Re: MP3 decoder packaged with XMMS
On 7/16/05, Arnoud Engelfriet <email@example.com> wrote:
> (5) An act which, apart from this subsection, would constitute an
> infringement of a patent for an invention shall not do so if -
> (a) it is done privately and for purposes which are not commercial;
OK, this makes sense. Probably means I can bake cookies from a
patented recipe without infringing the patent as long as I don't turn
around and hold a bake sale. My execrable Deutsch is still enough to
tell me that German law is similar.
> > At least in US copyright law as I understand it (which borrowed the
> > term from patent law), "contributory infringement" can't be found
> > where there is no direct infringement to be contributed to, nor even
> > where there are substantial non-infringing uses of the product and the
> > distributor makes a good-faith attempt to discourage, and avoid
> > deriving substantial revenues from, infringing uses.
> Right. In most patent laws, the act of distribution of a product
> is by itself a direct infringement. Even when the distribution
> is intended for individuals that want to privately use the product.
> So I don't think this is going to help you much.
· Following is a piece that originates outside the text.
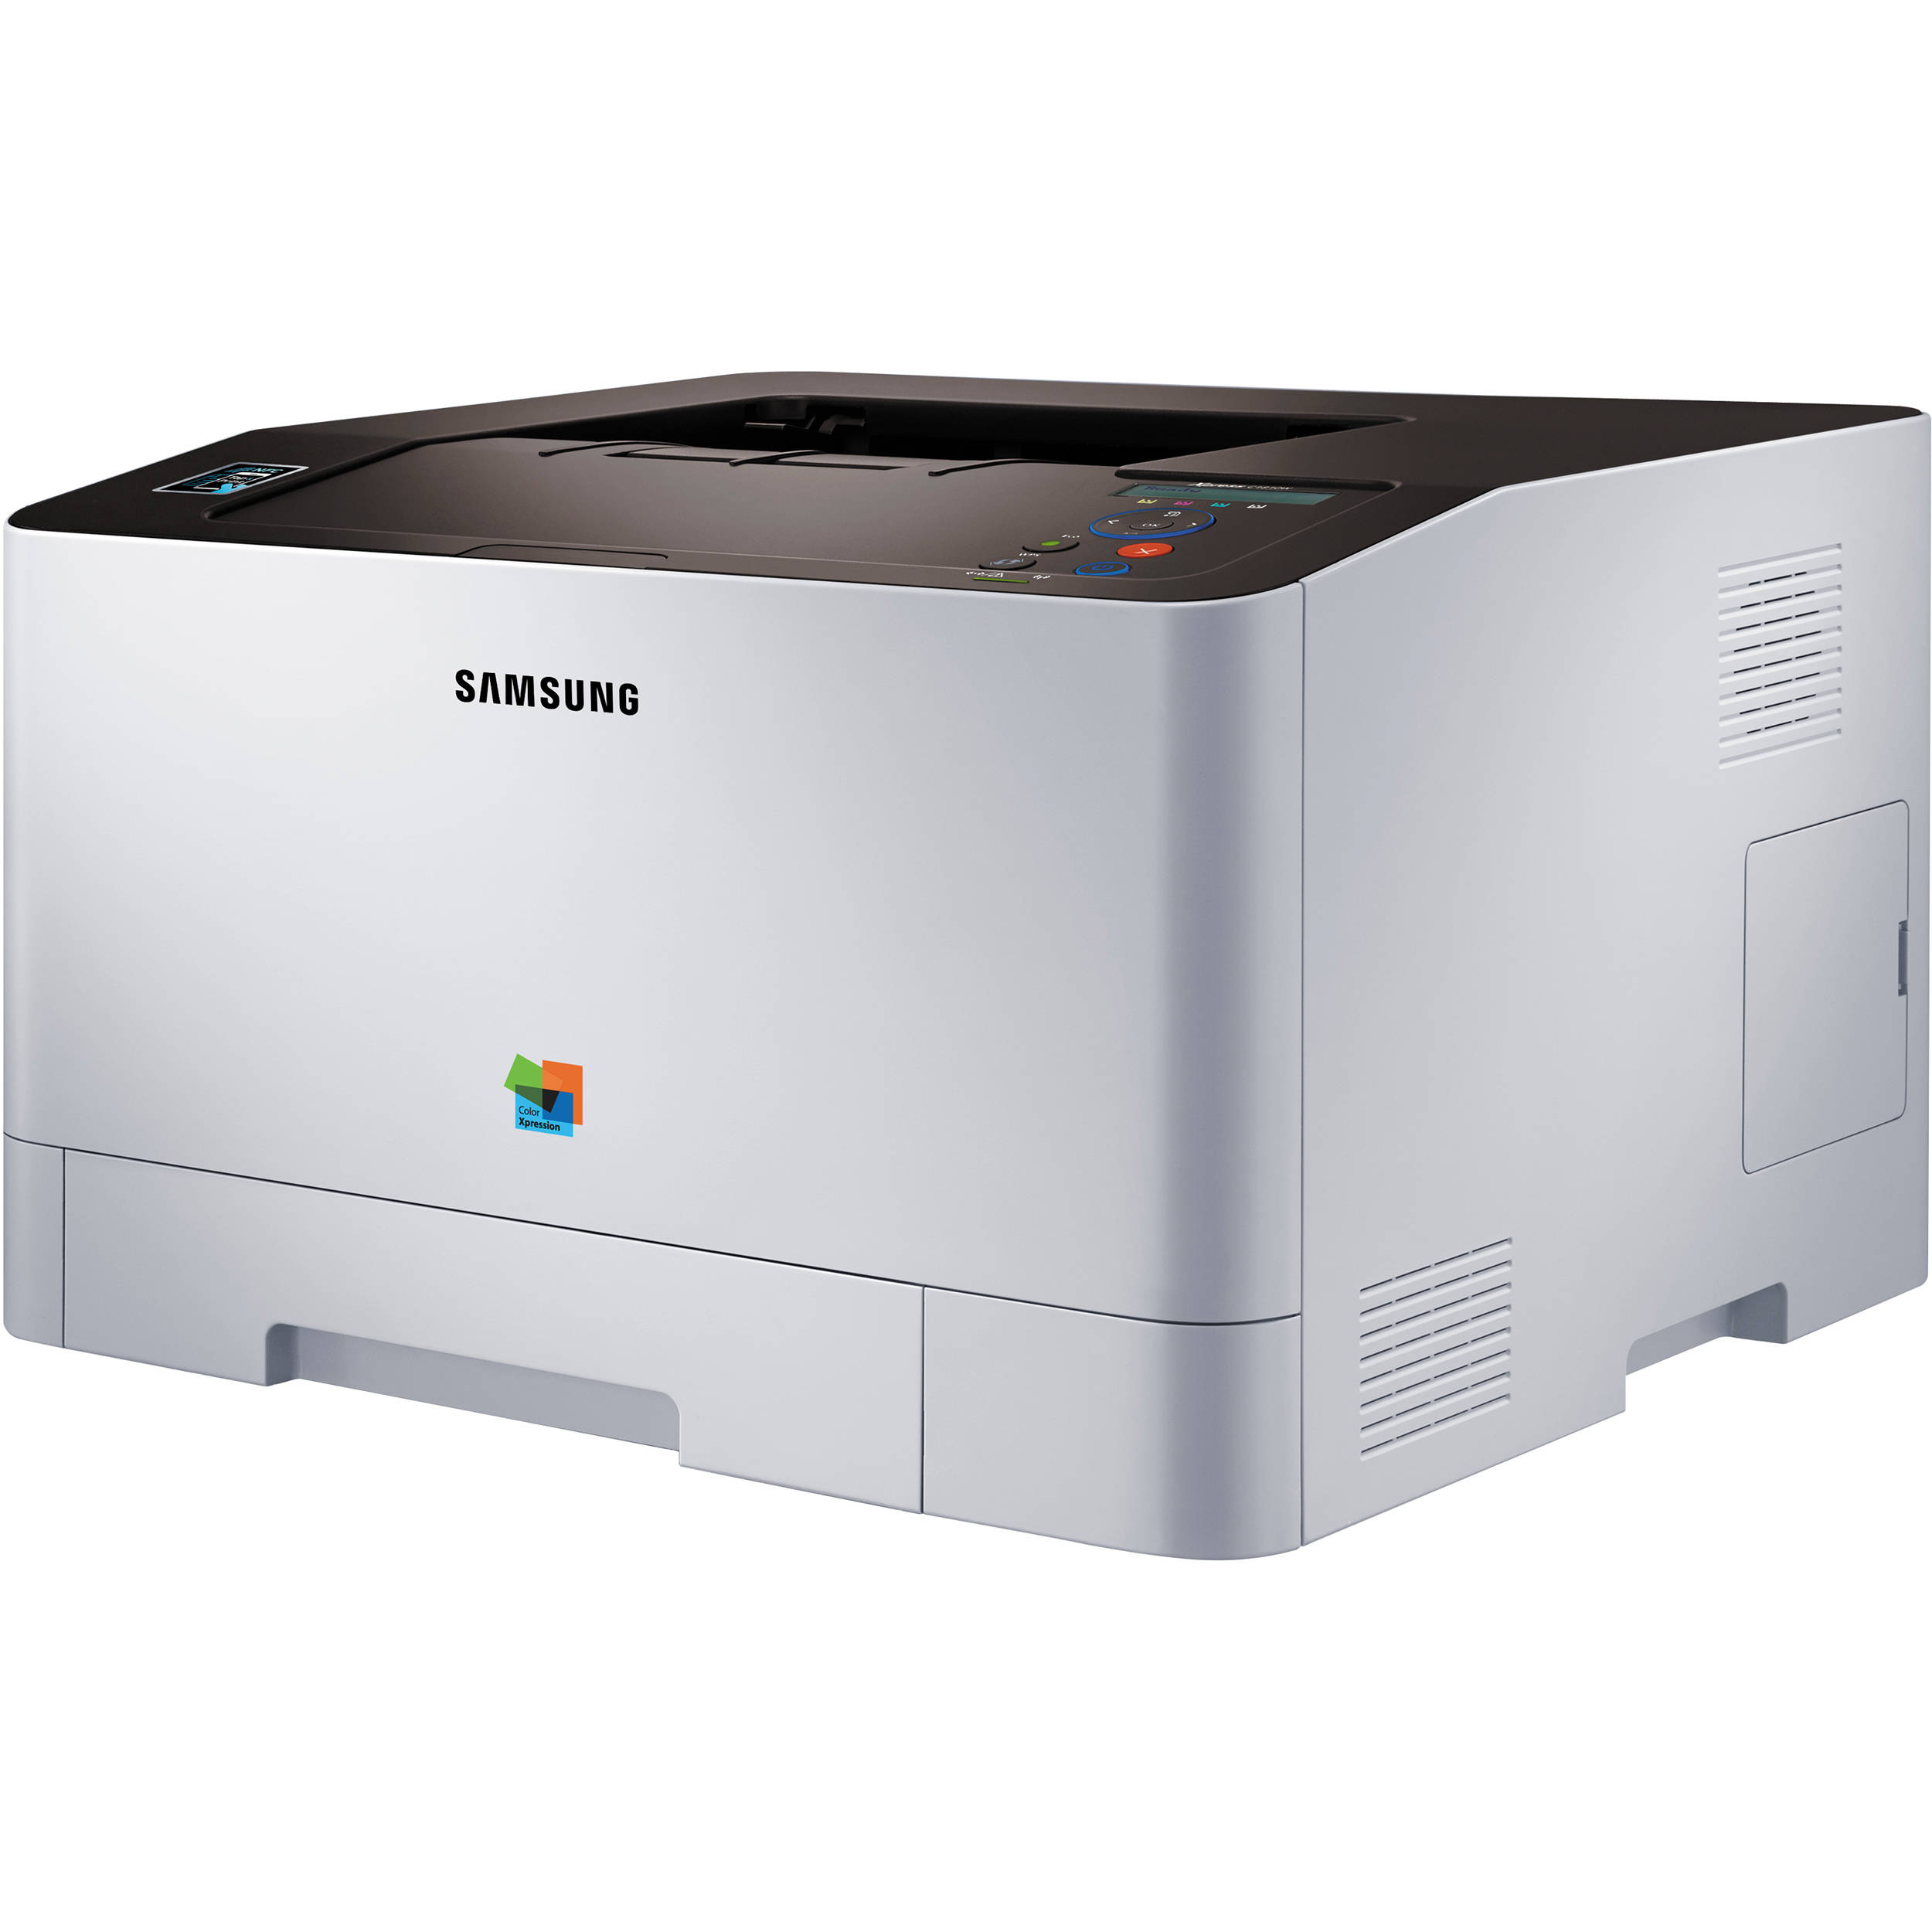 Лазерные принтеры samsung купить. Принтер лазерный Samsung SL-c1810w. Цветной лазерный принтер самсунг. Принтер самсунг с460fw. Принтер самсунг Color Xpression 2010г.

Right, that's the same as US law AIUI.
> This of course presumes that a sequence of bits is a "product" in
> patent law. I'm not aware of any caselaw either way. But it does
> seem likey that this would be covered by the "essential element"
> clause in patent law. See e.g. article 60(2) and (3) UK Patent Act:
It would clearly be a misreading of the legislative intent to say that
neither manufacturer nor distributor nor end user needs to obtain a
patent license just because the end user isn't making "commercial" use
of the product.
> One could argue that "other person entitled to work the
> invention" can mean "a person performing the acts privately
> and for purposes which are not commercial". I'd have to check
> with a UK colleague whether that's accurate.
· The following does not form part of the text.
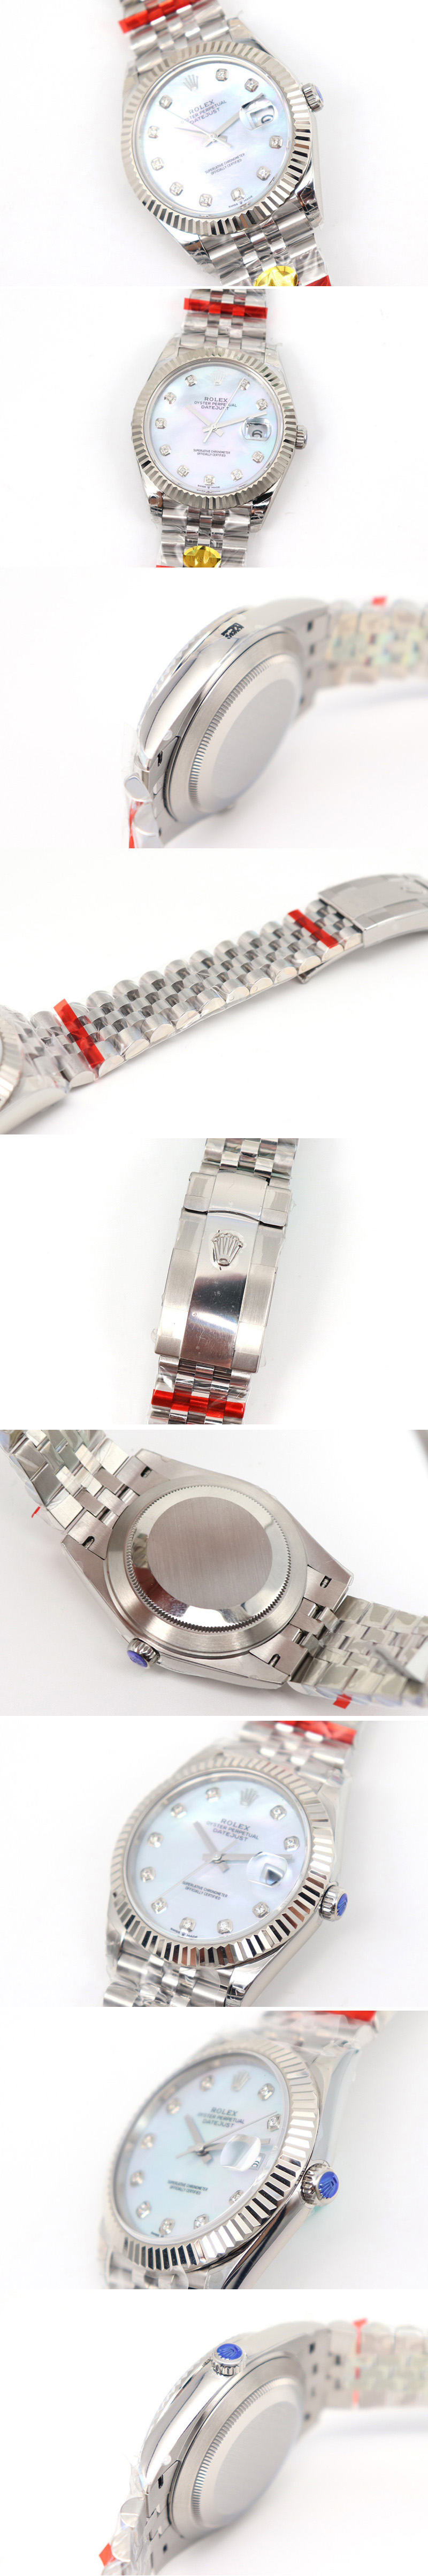 Replica Rolex Datejust II Watches

Probably not, if the only basis for that entitlement is the statutory
out provided in 60 (5) (a). But if Thomson actually were to express
the intention of exempting private users of an open source
implementation from the need for a patent license ever to have been
obtained for _their_copy_ -- i. e., if in Thomson's official view
their usage (transcoding other audio formats to and from MP3s for
personal use) is such that neither upstream, nor packager, nor end
user needs to pay a per-unit fee for that copy -- that's a very
different ballgame. (For DFSG purposes, it would of course also be
necessary to verify that no per-implementation fee was demanded if one
acts in good faith to communicate the limits of this "safety zone" to
recipients, lest downstream developers should be obligated to pay a
lump sum when renaming the package or merging it into something
I'm not saying that I think that Thomson is offering such a deal, but
I'm not saying they aren't (or haven't already) either. My impression
is that they are focusing on extracting revenues in return for the
mastering of MP3s for purposes of commercial distribution. It's a
fine point and I know there are some DDs who won't look at it this
way, but if the software authors aren't attempting to discriminate
among fields of endeavor -- only disclaiming responsibility for
obtaining patent rights from a third party on anyone's behalf, and
advising recipients that upstream focuses on the "substantial
non-infringing uses" (personal use and use by patent licensees) that
protect upstream and distributor from allegations of infringement --
then I think there's at least a case for calling it DFSG-free.
I care about this principally because I'd like to see a model "square
deal" that qualifies as free speech whether or not it's free beer.
Commercial, end-user-oriented MP3 encoders, hardware and software,
compete with one another and with other formats anyway; will they
really be all that pissed at Thomson for giving the green light to
LAME and its like? As psycho-acoustic research tools, toys for the
ABXers at Hydrogenaudio, and building blocks for product mock-ups
under the umbrella of a patent sharing agreement, LAME and libmad and
ffmpeg and so forth are interesting and useful without cutting unduly
into the revenue stream that amortizes off the cost of research.
If Debian and Thomson knock this domino over, someday even DeCSS may
be blessed by the powers that be. (Though IMHO the only
non-infringing use it really has is the product mock-up scenario.)